LLM Hallucination Audit Implementation #

Cross-checking the numbers AI writes against real-device logs

Author: Hideyuki Chinda / BESTNET LLC

1. The Trigger — The AI Wrote “639.” The Real Count Was 0 #

Some time ago, our local LLM wrote “639 authentication failures” in an auto-generated monitoring report. When we actually checked the logs, the number of authentication failures in that time window was 0. The LLM had simply produced a plausible-looking number out of thin air (we wrote about this episode in “The Story of a Local LLM Fabricating Monitoring-Report Numbers, and the Countermeasures”).

This is not a defect of the LLM; it is its nature. An LLM excels at generating “contextually plausible text,” and it has no built-in mechanism that guarantees “factually accurate numbers.” It often writes correct numbers, but not because correctness is guaranteed — it just happens to be right.

In AI Ops, this cannot be overlooked. A monitoring report you cannot trust is as good as nonexistent, or worse, dangerous. If someone believes “639 authentication failures” and acts on it, they spend time on a problem that does not exist. Conversely, a real anomaly may be buried.

So we built a mechanism that does not blindly trust the numbers the LLM writes — hallucination auditing. This article describes the thinking behind its implementation.

2. The Principle — Facts Are Not Made by the LLM. Logs Make Them #

The starting point of auditing is the separation of roles.

The “facts” that appear in a monitoring report — numbers, counts, IP addresses, timestamps — are obtained not from the LLM’s text generation, but from deterministic queries against real-device logs. The LLM’s role is limited to wording the confirmed facts into text that humans can read easily.

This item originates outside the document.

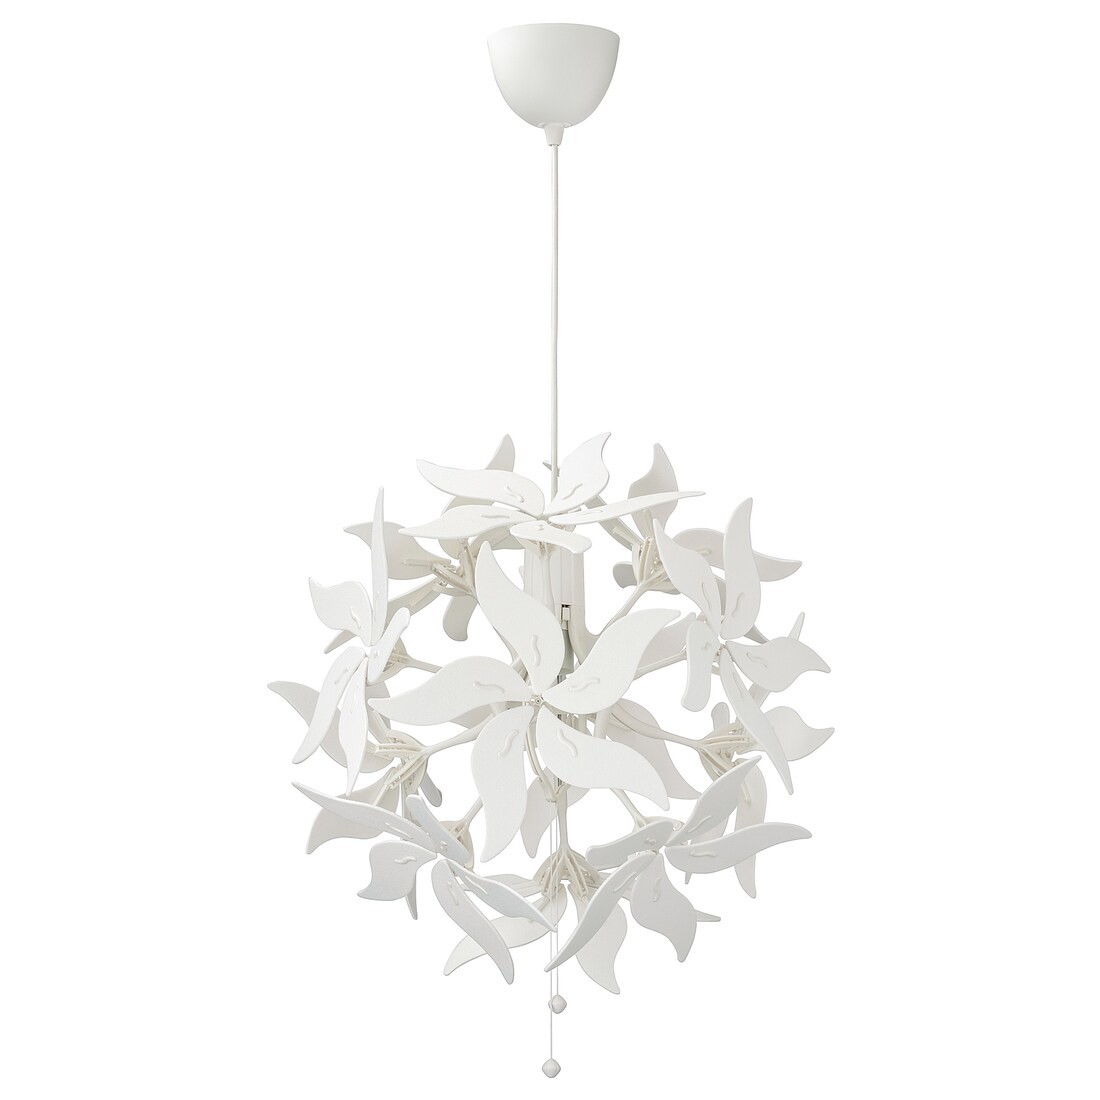 RAMSELE РАМСЕЛЕ Подвесной светильник, цветок / белый, 43 см

  • Facts (numbers, targets, timestamps) → made by queries against the logs (ground truth)
  • Narrative (summary, explanation, prose) → made by the LLM

This separation alone greatly reduces the room for fabrication. Asking an LLM to “read the logs and count” invites miscounting (= fabrication); but if you aggregate the counts first, hand over the confirmed values, and ask it to “explain the situation using these numbers,” the numbers no longer move.

3. Catching the Fabrication That Still Remains, Through an “Audit” #

Even with roles separated, the LLM may, while writing, slip in numbers it was never given, or mistake the target. So we place an audit step that, after the output is produced, once again cross-checks the LLM-generated report against the source logs.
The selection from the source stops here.